Well, much of Hebrew wisdom literature is structured by way of contrasting statements, restatements or amplifications of one’s initial proposition. So perhaps the writer intends to establish a contrast, or a series of contrasts: insolence vs. wholehearted faithfulness, smearing others vs. obedience, lies vs. precepts. Maybe lies vs. wholeheartedness. Or possibly he’s trying to set a general attitude of aggressive, active harassment against the concept of humble dependence.

Could be.

But if we assume that the second statement actually follows from the first, which I believe it does, the Psalmist’s reaction to being smeared here is, well, more of a … non-reaction.

Perhaps it has something to do with this. Speaking of the Lord Jesus, Matthew says:
“… when he was accused by the chief priests and elders, he gave no answer. Then Pilate said to him, ‘Do you not hear how many things they testify against you?’ But he gave him no answer, not even to a single charge, so that the governor was greatly amazed.” (Matthew 27:12-14)
Fair enough. If declining to respond in kind was the Lord’s strategy when falsely accused over and over, we can be fairly sure it was an appropriate one.

And if we are tempted to think that the Lord, being perfect, was capable of exercising self-control in ways that we frequently are not … well, that’s certainly true. And yet Peter gives this instruction to believers generally: “Do not repay evil for evil or reviling for reviling, but on the contrary, bless, for to this you were called, that you may obtain a blessing.”

The words “to this you were called” make it clear that the Psalmist’s response is actually normal, expected Christian behavior. And the apostle Paul agrees: “See that no one repays anyone evil for evil, but always seek to do good to one another and to everyone.”

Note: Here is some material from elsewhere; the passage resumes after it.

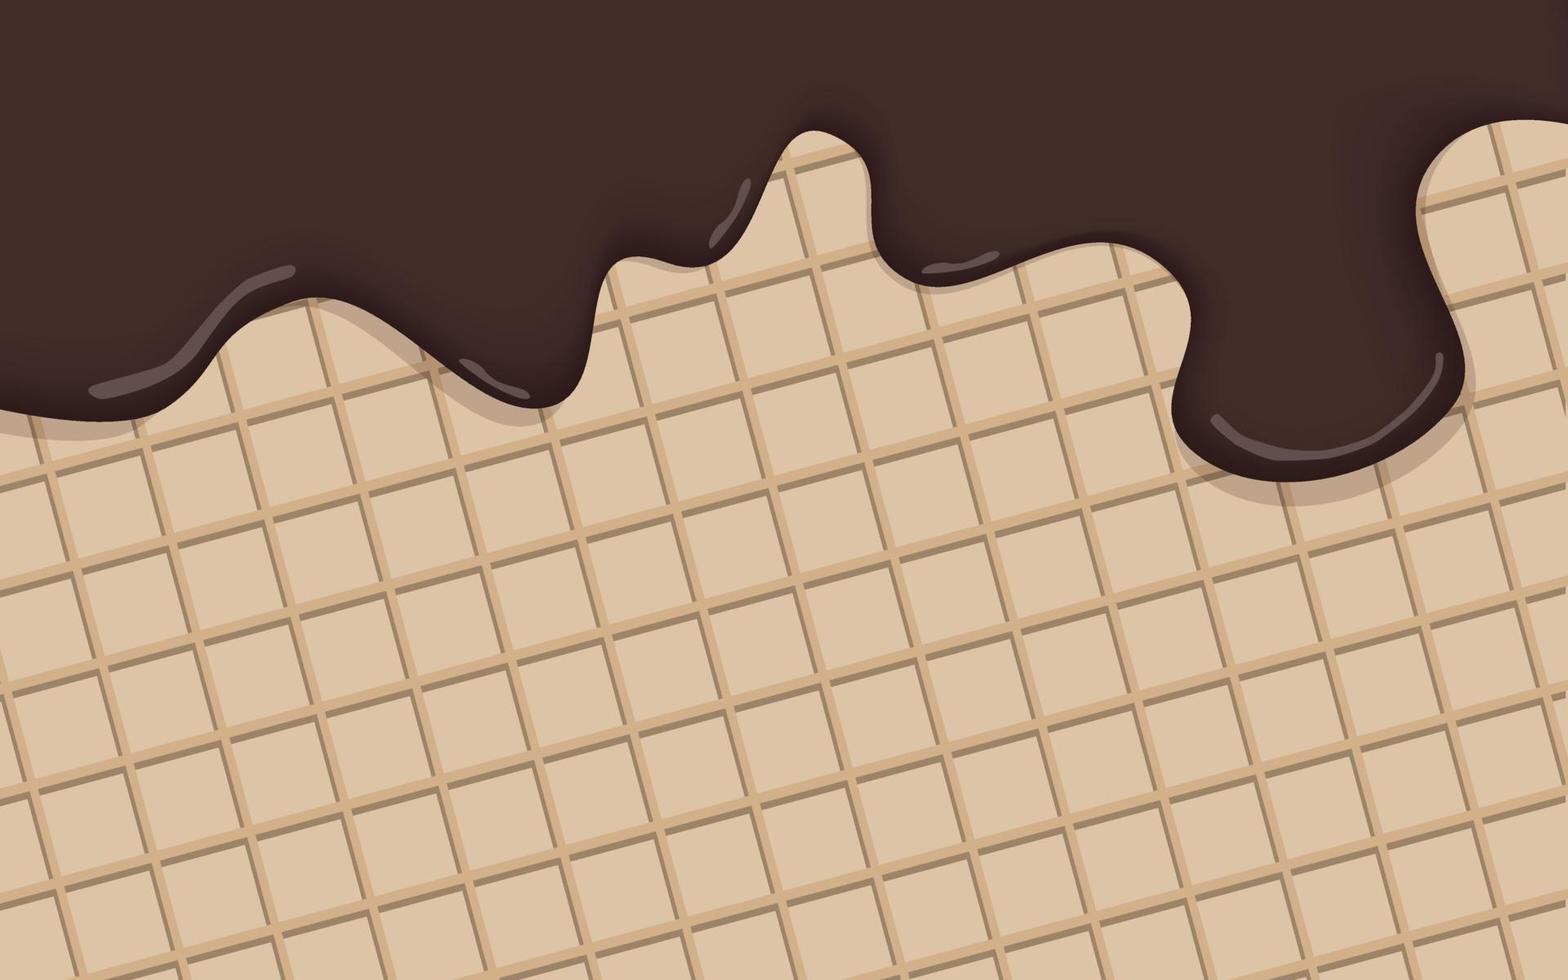 sorvete de chocolate realista derretido no vetor de fundo de cone de baunilha. creme de chocolate está derretendo na superfície do wafer. um modelo para menu doce ou comercial de publicidade.

In our Psalm the writer enthused that “with my whole heart I keep your precepts”. What seems a bit of a non sequitur actually makes a lot of sense in light of the teaching found in the rest of God’s word and the example of the Lord Jesus. Because, under fire, and probably under great pressure to respond with an “eye for an eye”, the Psalmist has elected to pursue a response strategy in character with a Saviour he only knows from law, prophecy and the witness of the Jewish sacrificial system. The information we need to please God in the church age is there, too, for the believing Jew, if somewhat coded and fully entered into only by faith.

Which kind of does away with the natural, easy option, doesn’t it.

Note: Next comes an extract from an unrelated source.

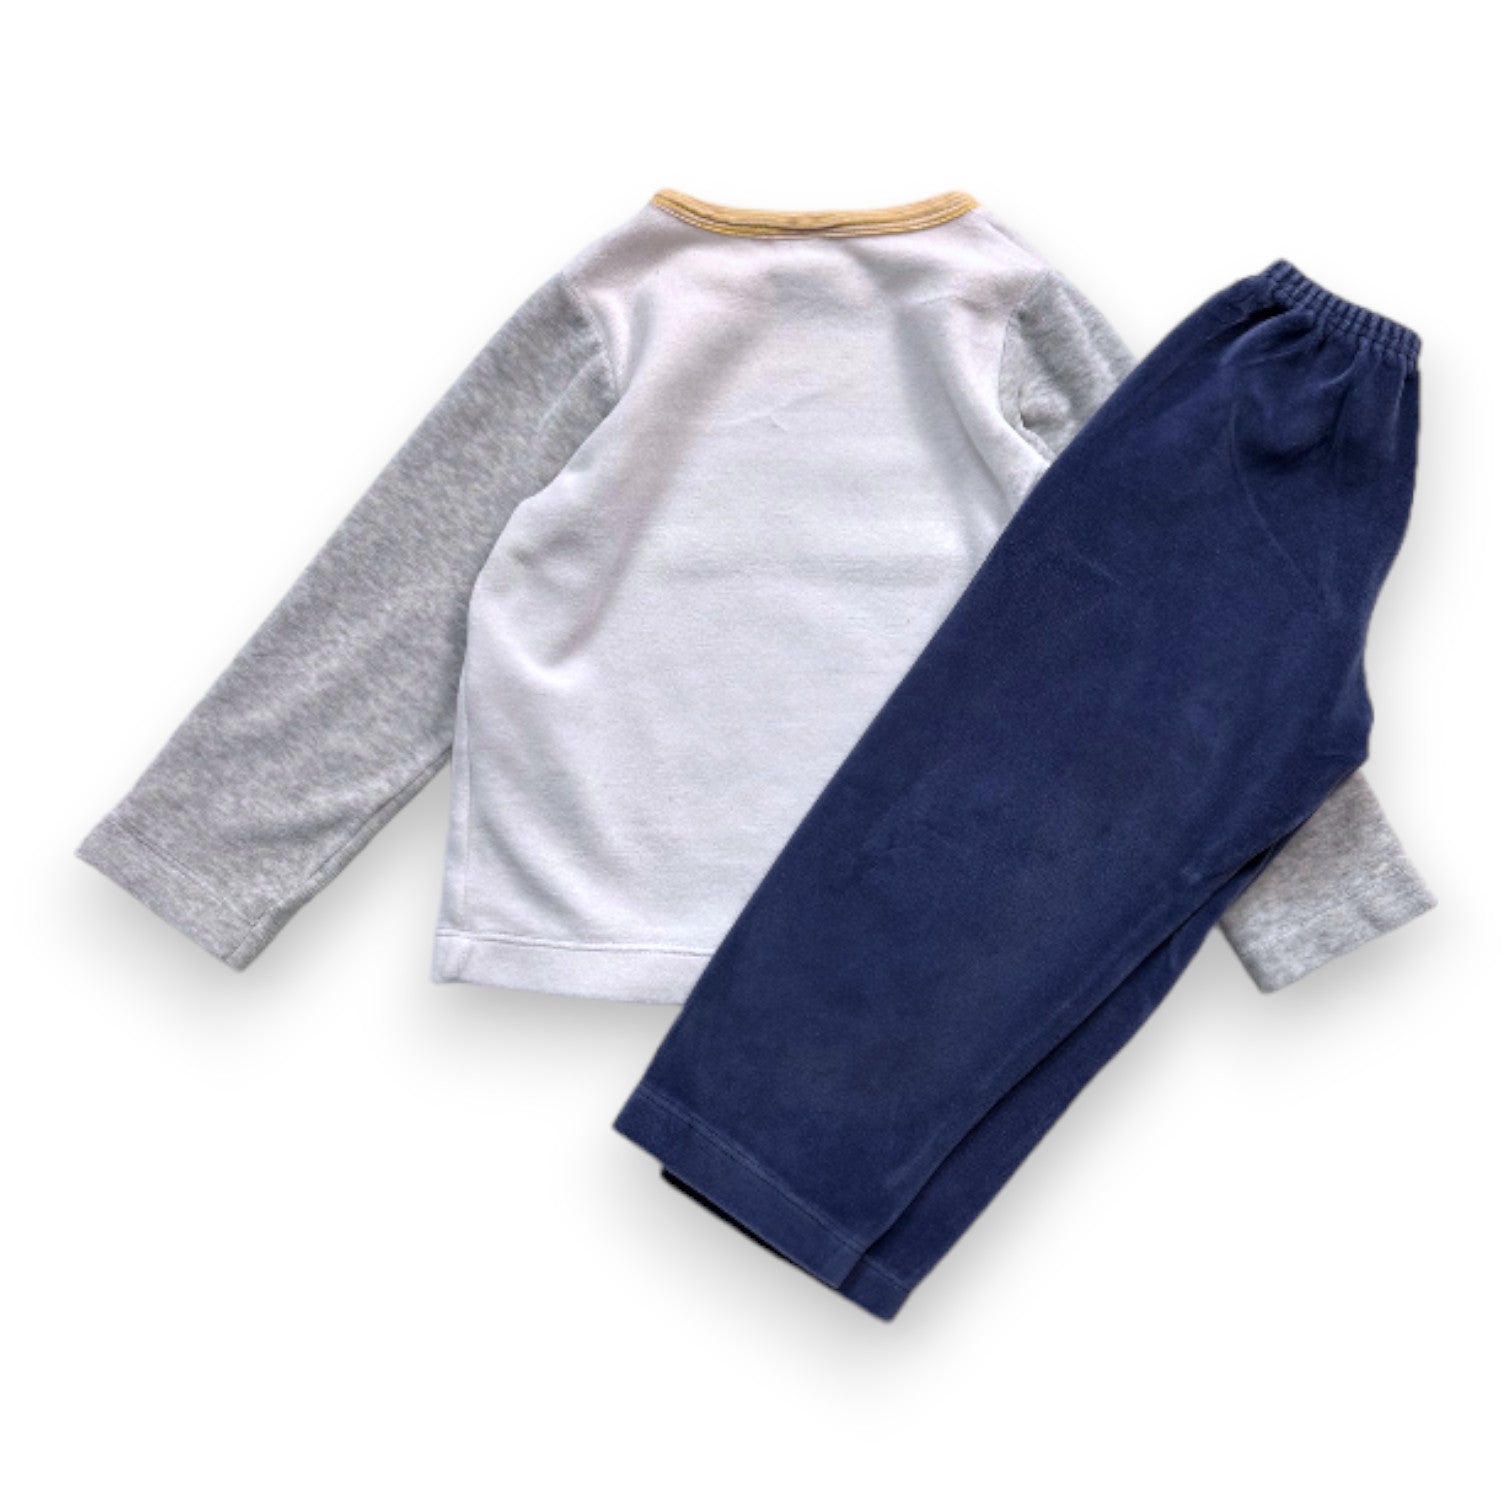 PETIT BATEAU - Pyjama 2 pièces avec pantalon et t-shirt à manches longues - 3 ans

I’m afraid, for the believer, eHow’s list of strategies seems to be off the table.

There are a couple of reasons given for this. The most mercenary, some might say, is the incentive Peter adds to his instructions: “… that you may obtain a blessing”. But I’m not sure we can exactly call wanting to be blessed by God ‘mercenary’ in the traditional sense. Seems to me more like a combination of good common sense and the natural outcome of genuine belief.

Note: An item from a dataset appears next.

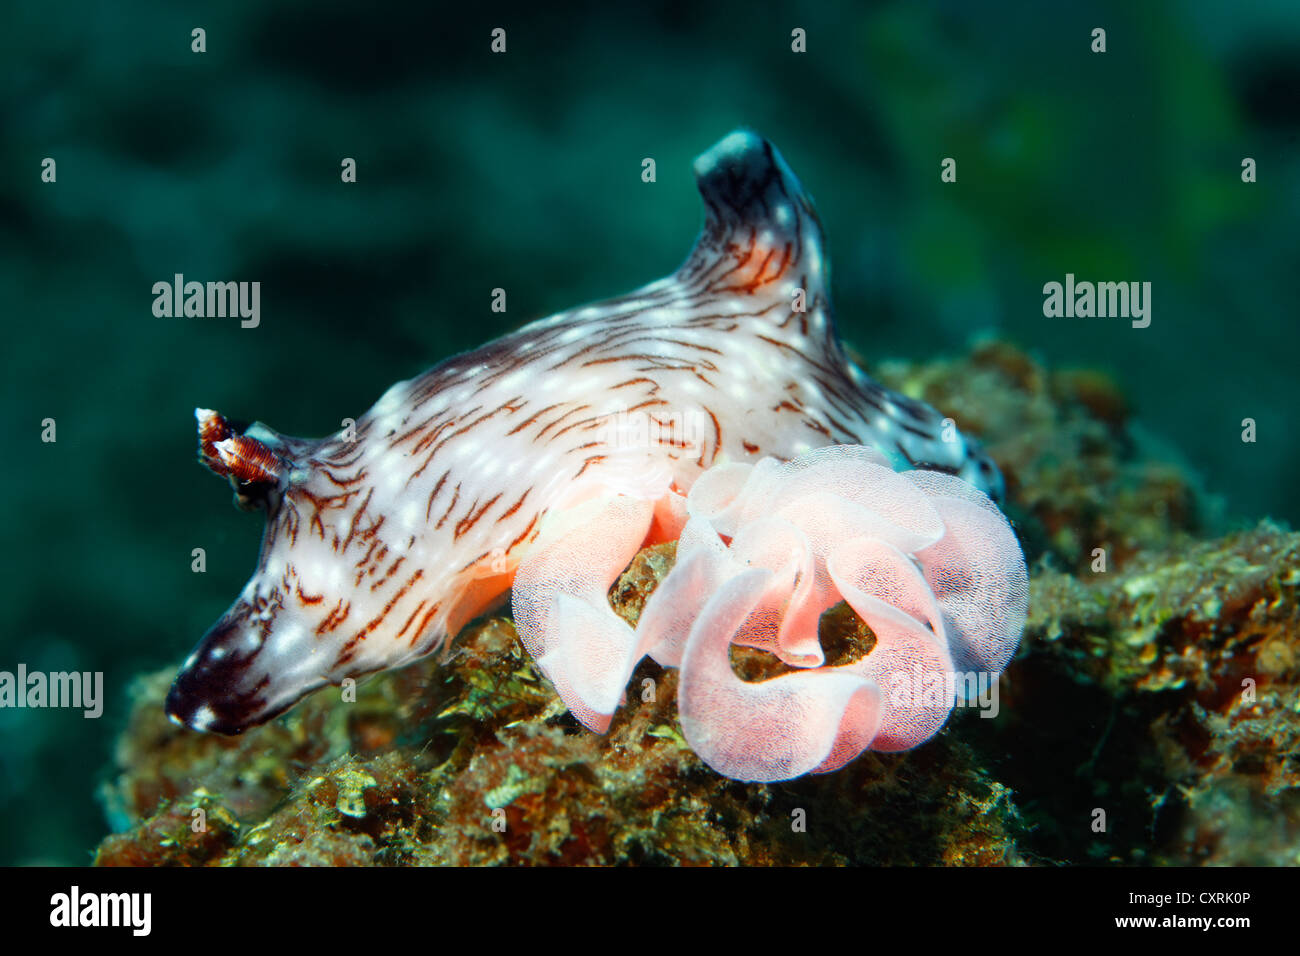 Especies de nudibranch (Jorunna rubescens), con el embrague, el caracol de mar, la Gran Barrera de Coral, un sitio del Patrimonio Mundial de la UNESCO, Queensland Foto de stock

The other incentive is laid out for us by Paul:
“Beloved, never avenge yourselves, but leave it to the wrath of God, for it is written, ‘Vengeance is mine, I will repay, says the Lord.’ To the contrary, ‘if your enemy is hungry, feed him; if he is thirsty, give him something to drink; for by so doing you will heap burning coals on his head.’ Do not be overcome by evil, but overcome evil with good.” (Romans 12:19-21)
It couldn’t be more counterintuitive or in more diametric opposition to my own nature, but according to Paul, here’s a five-point response plan for the believer:

1.      Never avenge yourself
2.      Leave it to the wrath of God
3.      Go out of your way to be kind to those who smear you
4.      Do not be overcome by evil
5.      Overcome evil with good

Now that’s how to fight a smear campaign!